**HOW TO COMPLETE THIS TASK**
Give back the lines below exactly, but do not include any pictures.

___ GIVEN MATERIAL ___

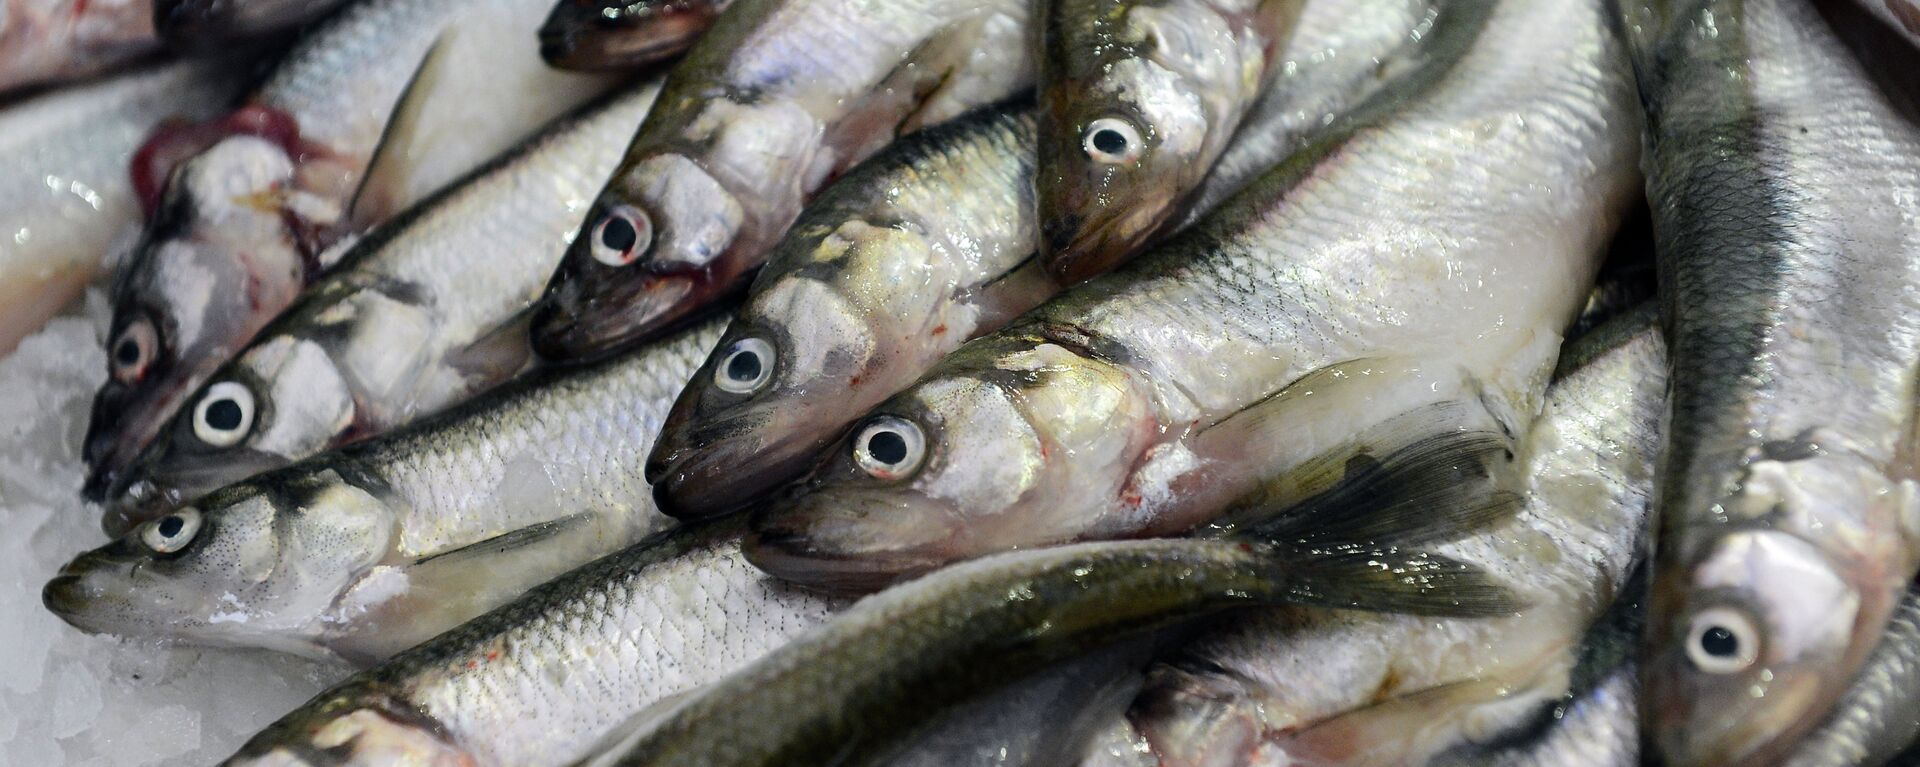 Све врсте риба садрже драгоцене витамине. - Sputnik Србија, 1920, 04.08.2021
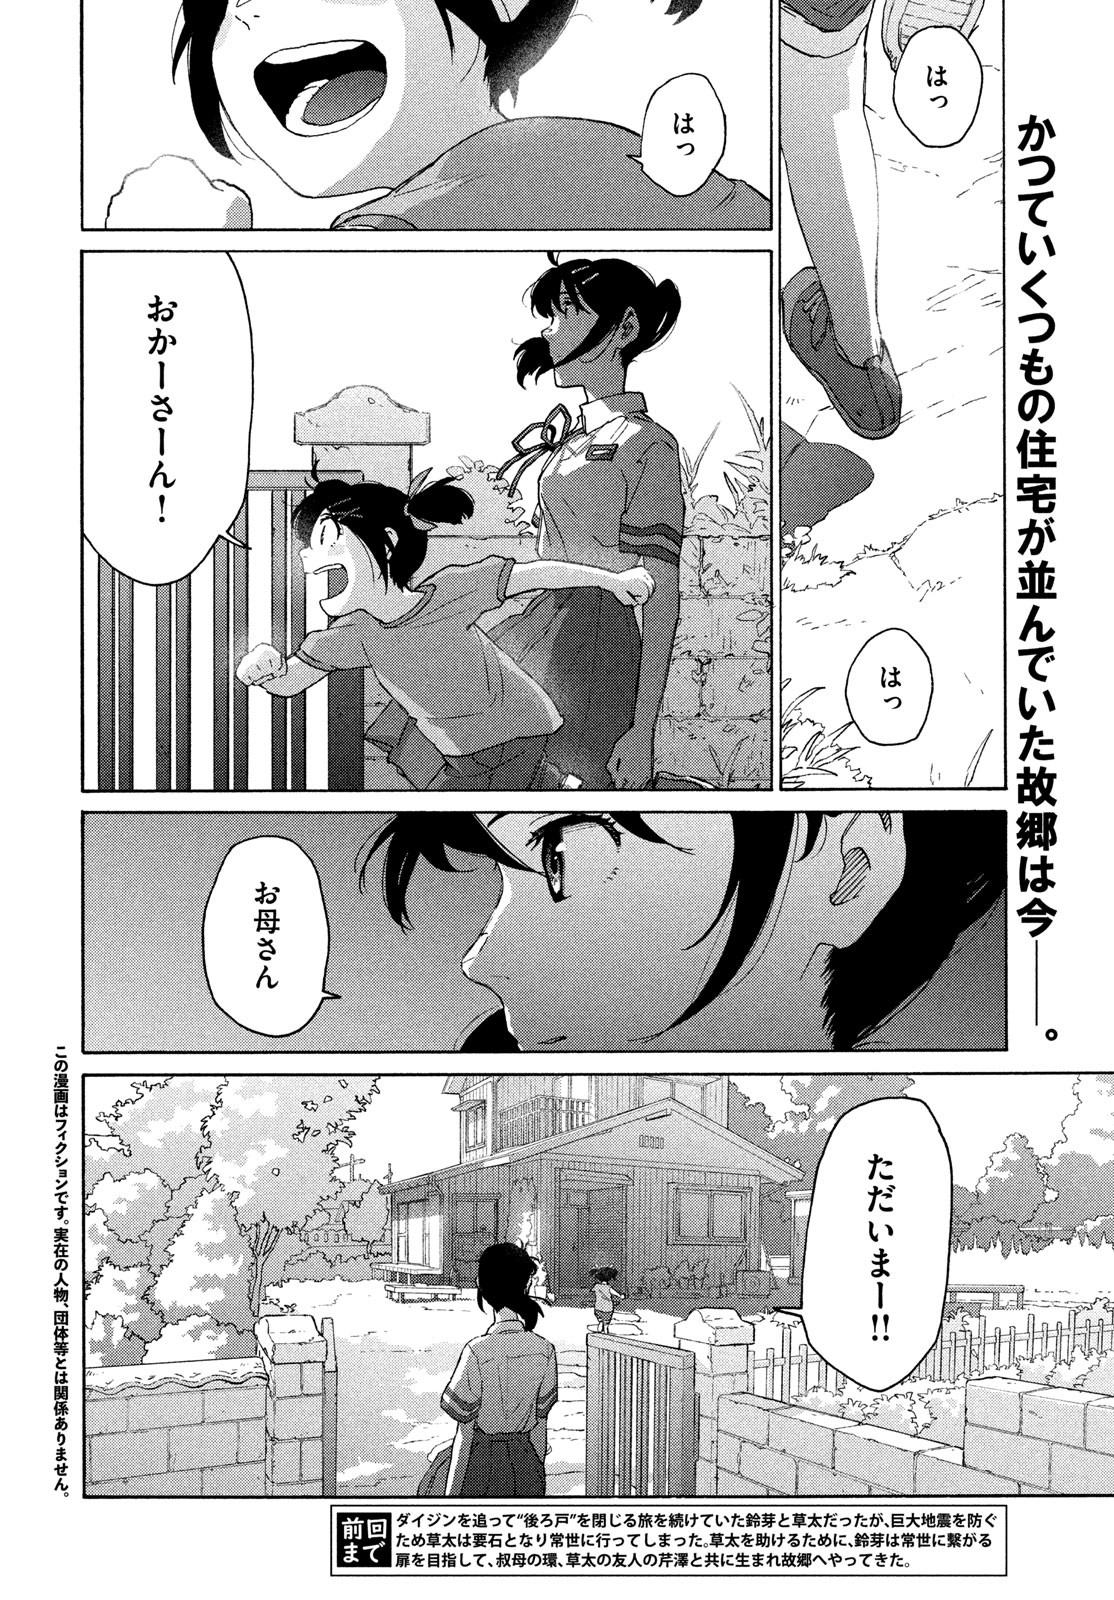 Suzume no Tojimari - Chapter 13 - Page 2
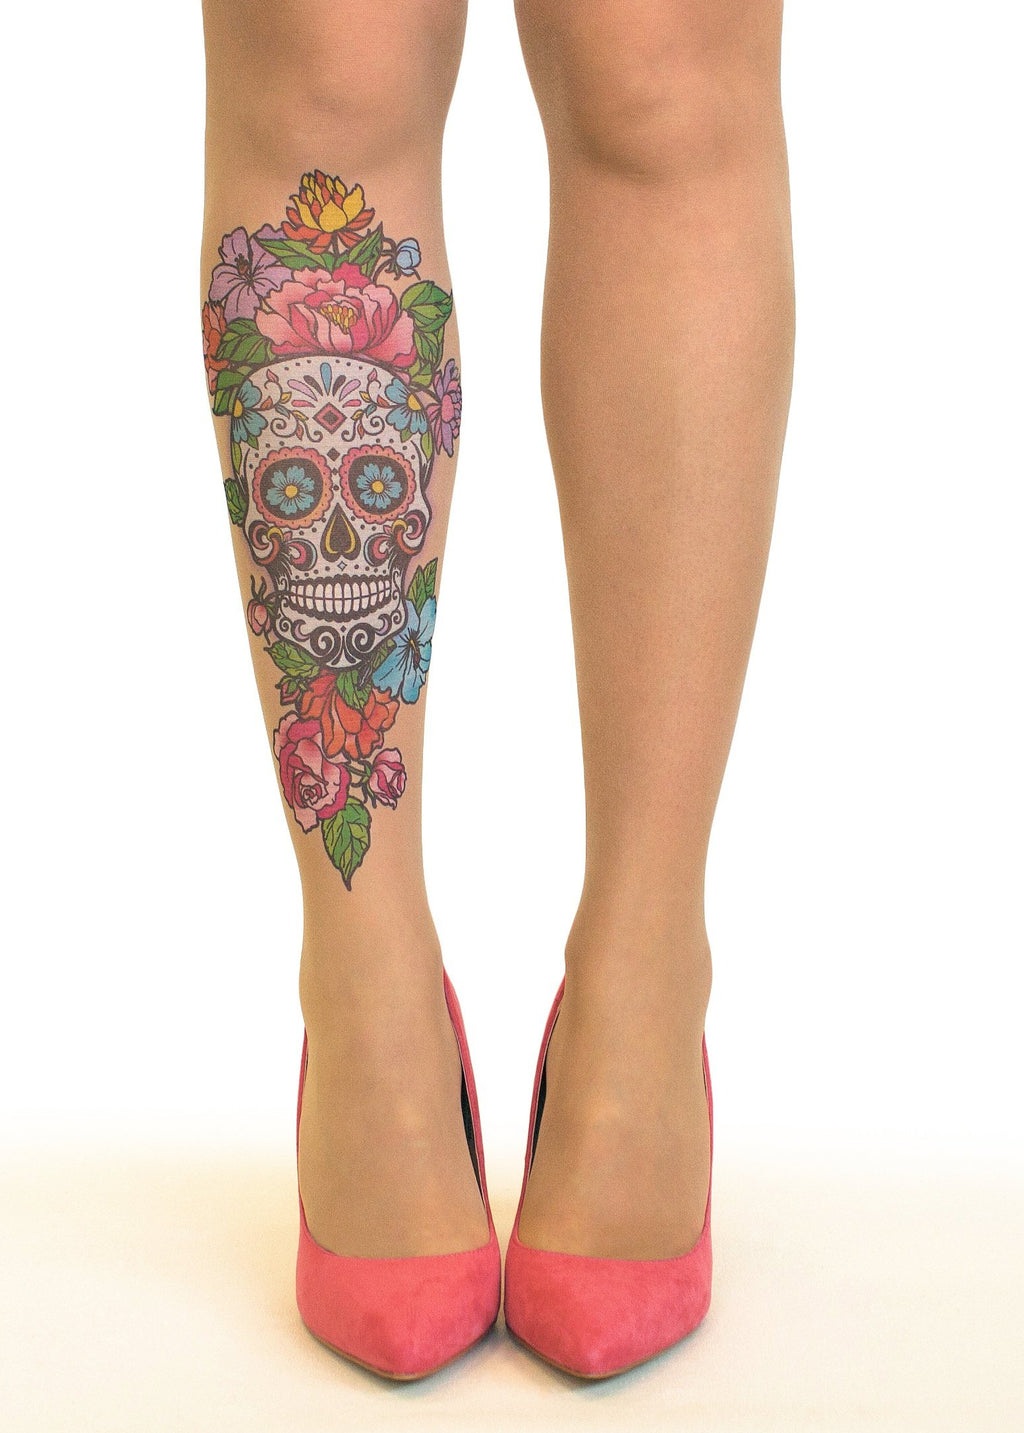 Sugar Skull Tattoo Printed Sheer Tights at Ireland's Online Shop –  DressMyLegs
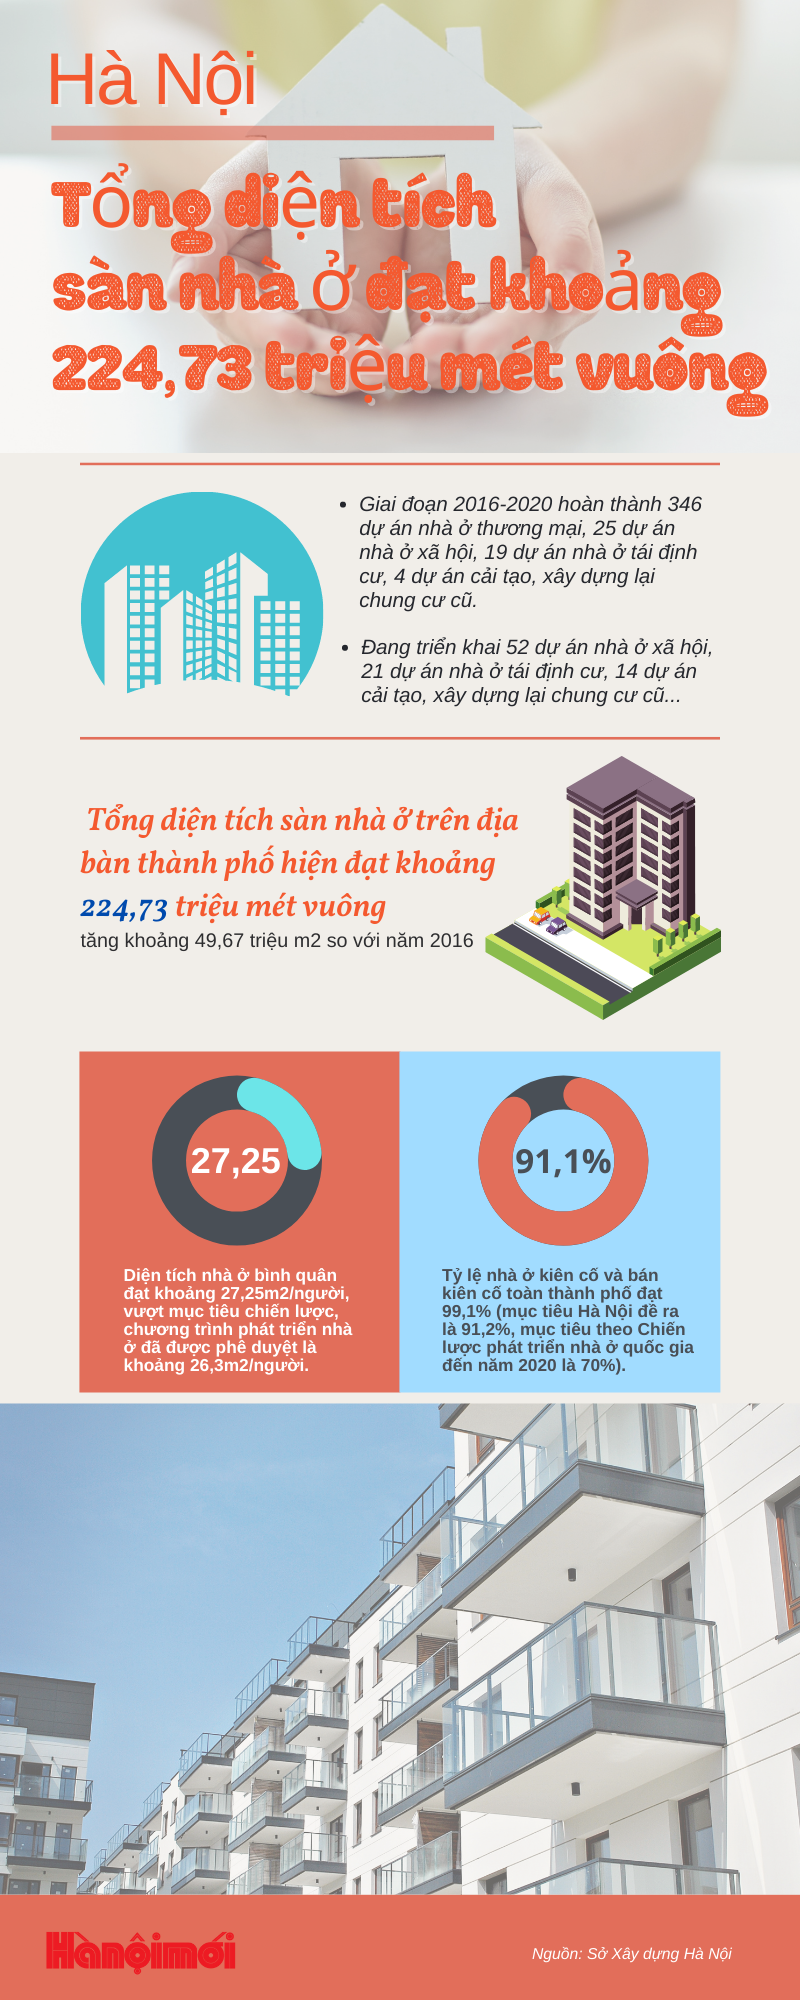 [Infographics] Hà Nội đang triển khai 52 dự án nhà ở xã hội, 21 dự án nhà ở tái định cư - Ảnh 1

___

**SOLUTION BELOW**
 Све врсте риба садрже драгоцене витамине. - Sputnik Србија, 1920, 04.08.2021
 Suzume no Tojimari - Chapter 13 - Page 2
 Sugar Skull Tattoo Printed Sheer Tights at Ireland's Online Shop –  DressMyLegs
 [Infographics] Hà Nội đang triển khai 52 dự án nhà ở xã hội, 21 dự án nhà ở tái định cư - Ảnh 1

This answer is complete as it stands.